### Given material
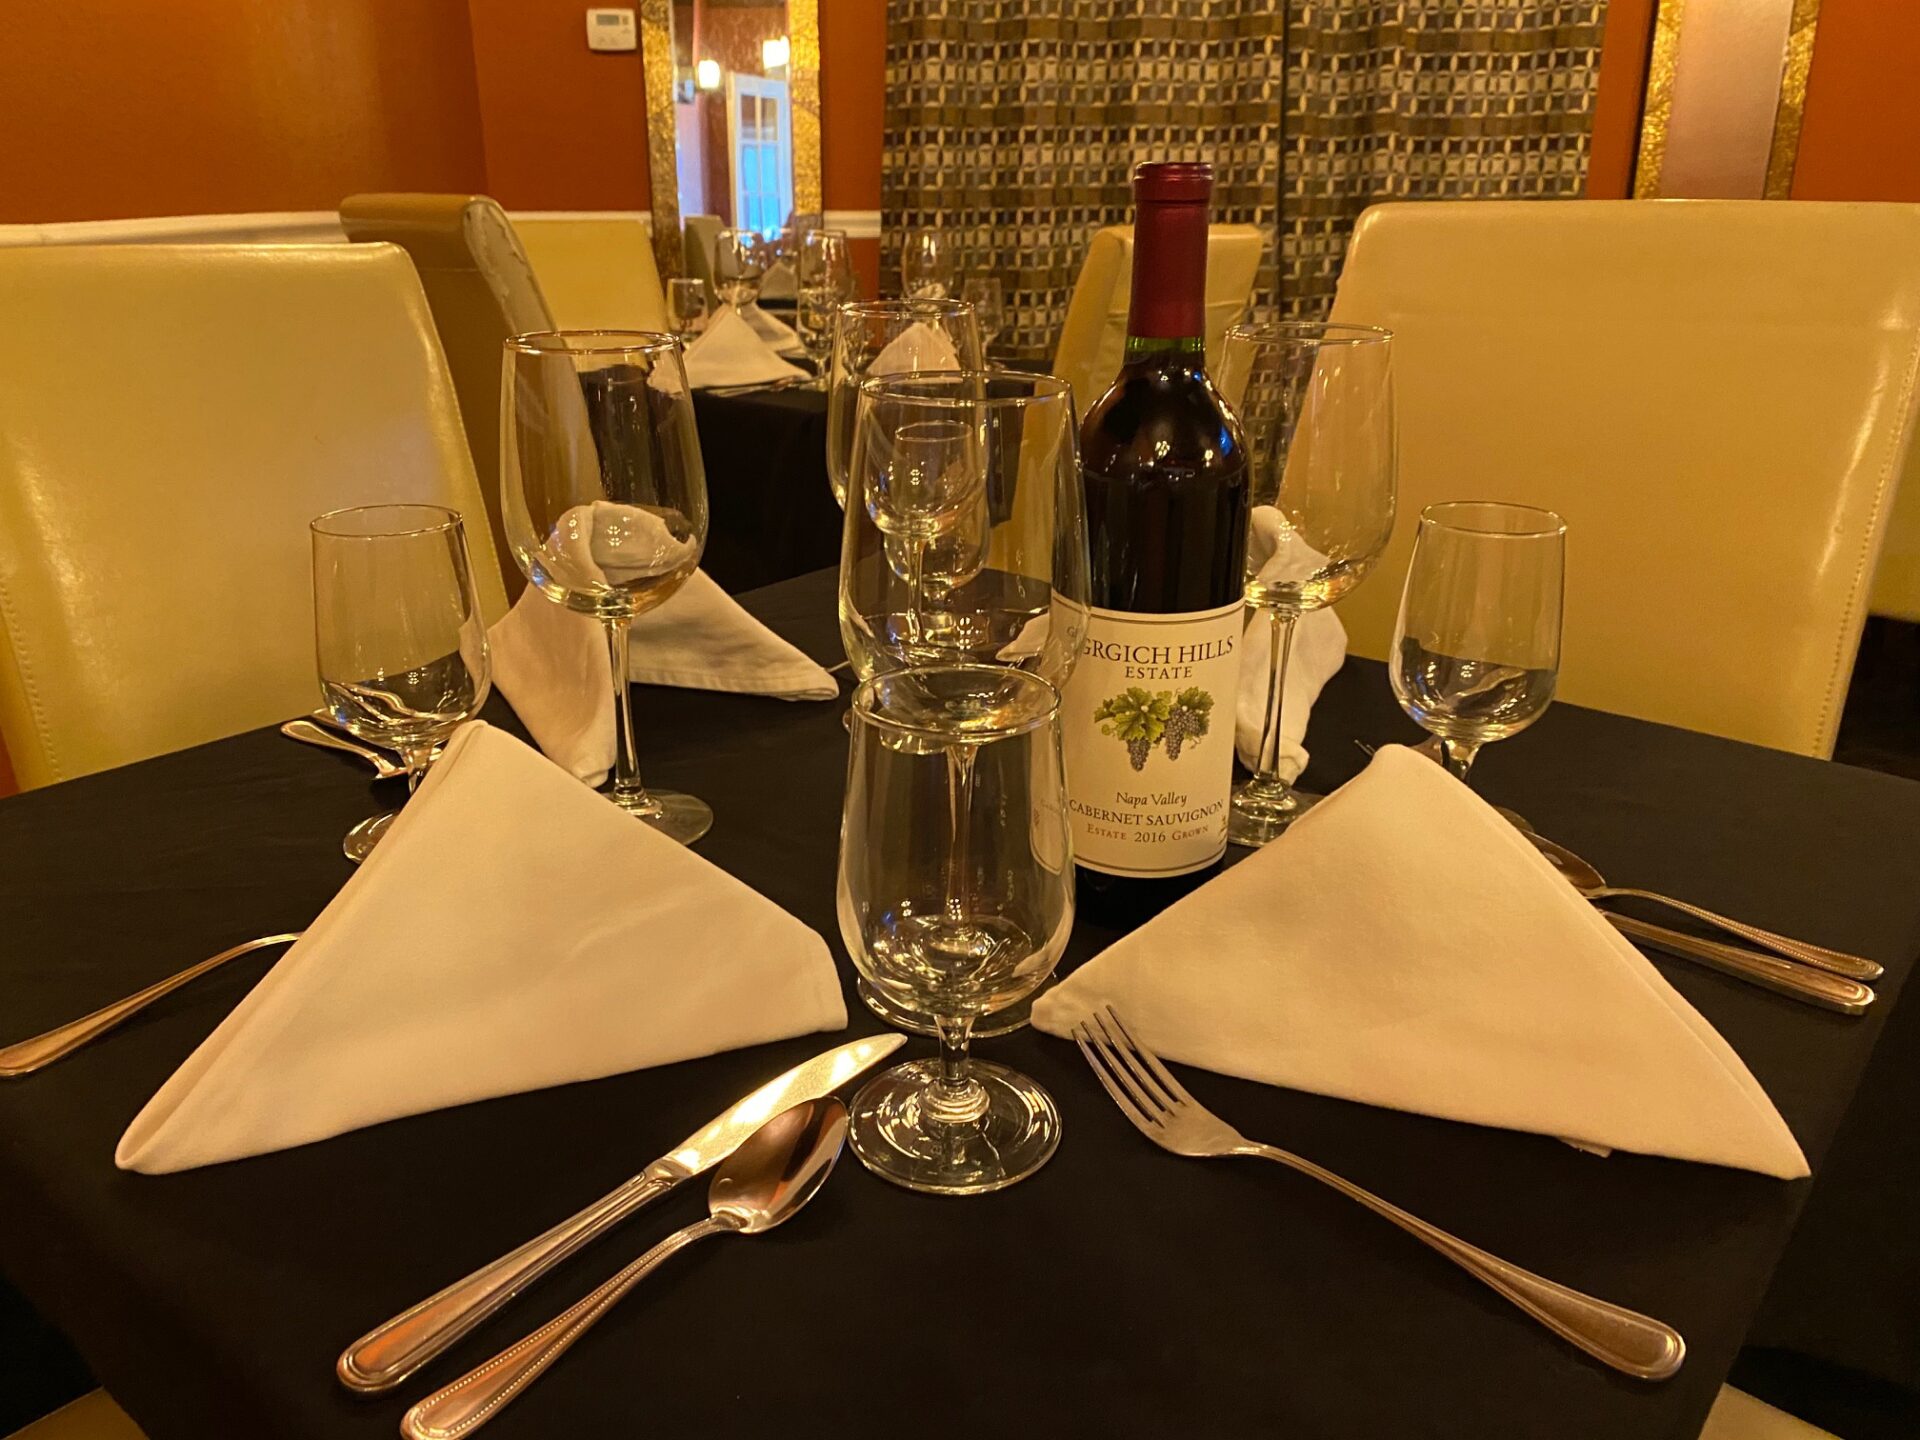 Table covered in a black cloth and set up with napkins, utensils, wine glasses, and a wine bottle
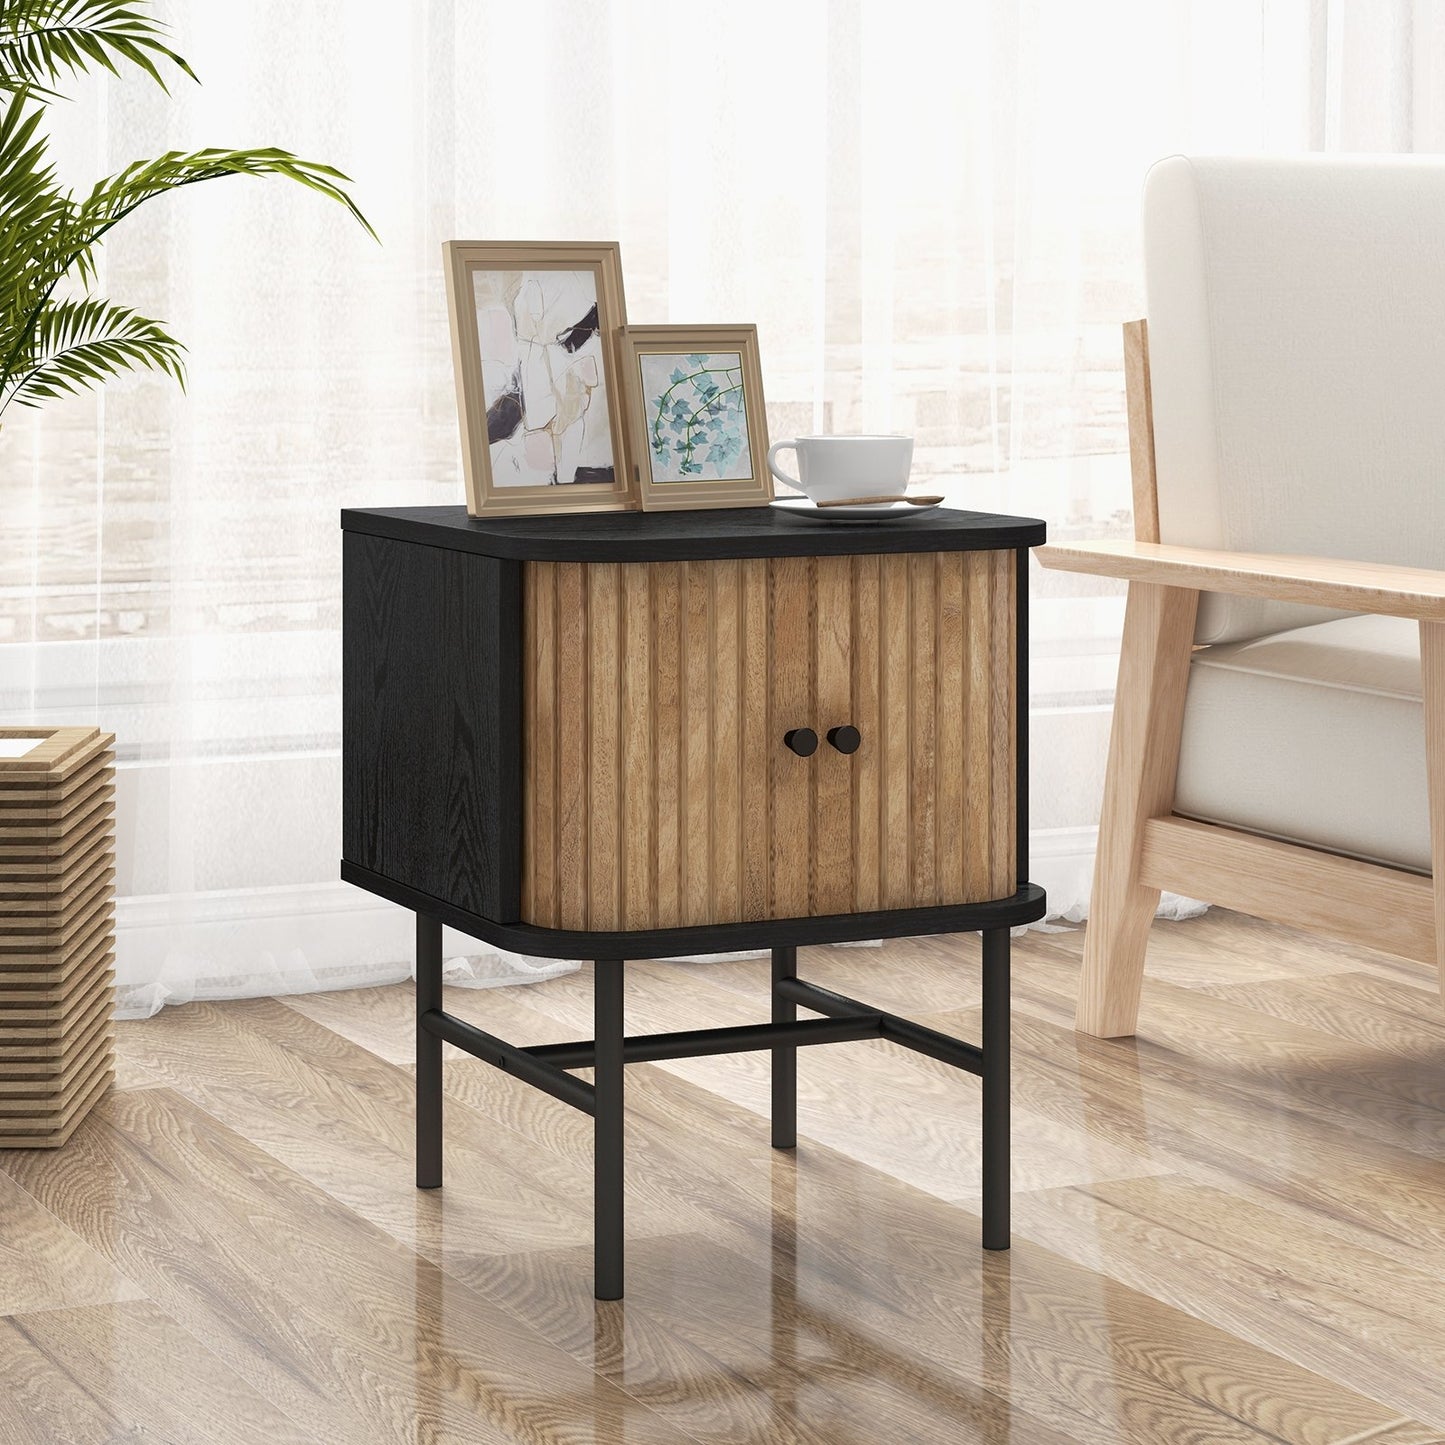 Mid-century Modern Nightstand with Sliding Doors and Storage Cabinet, Black
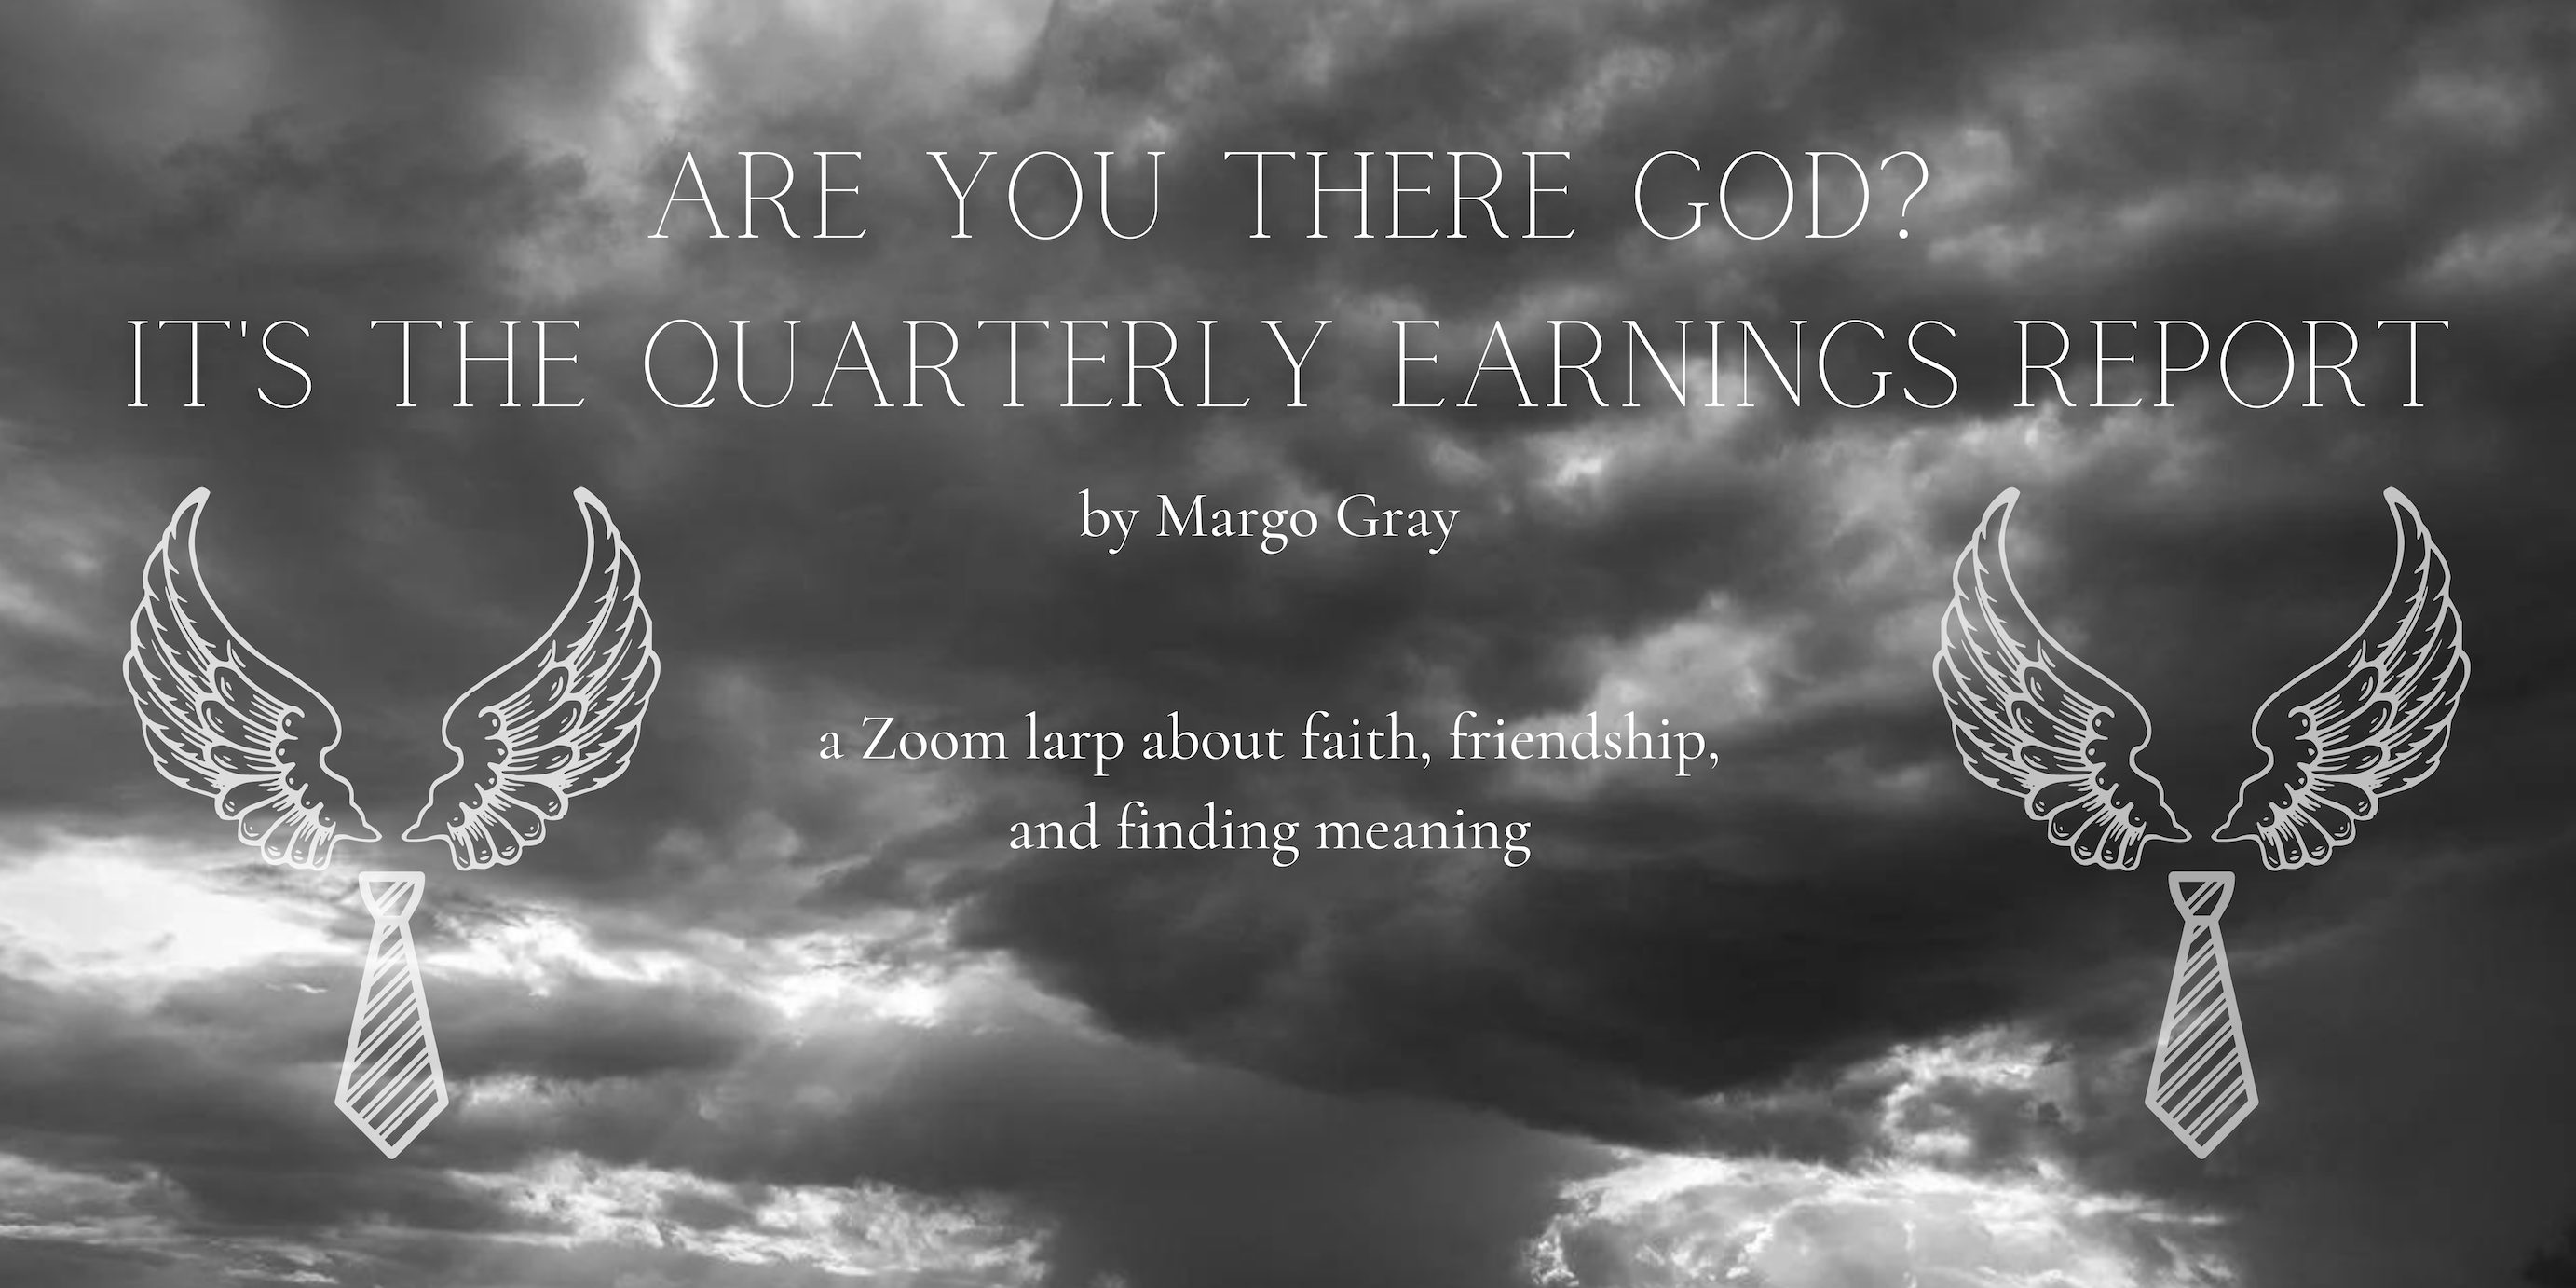 Are you there God? It's the quarterly earnings report

### Instructions for the task
What you return should be the exact lines from the one containing "Mid-century Modern Nightstand" through the end of the listing above, both included, minus any pictures.

### Exercise answer
 Mid-century Modern Nightstand with Sliding Doors and Storage Cabinet, Black
 Are you there God? It's the quarterly earnings report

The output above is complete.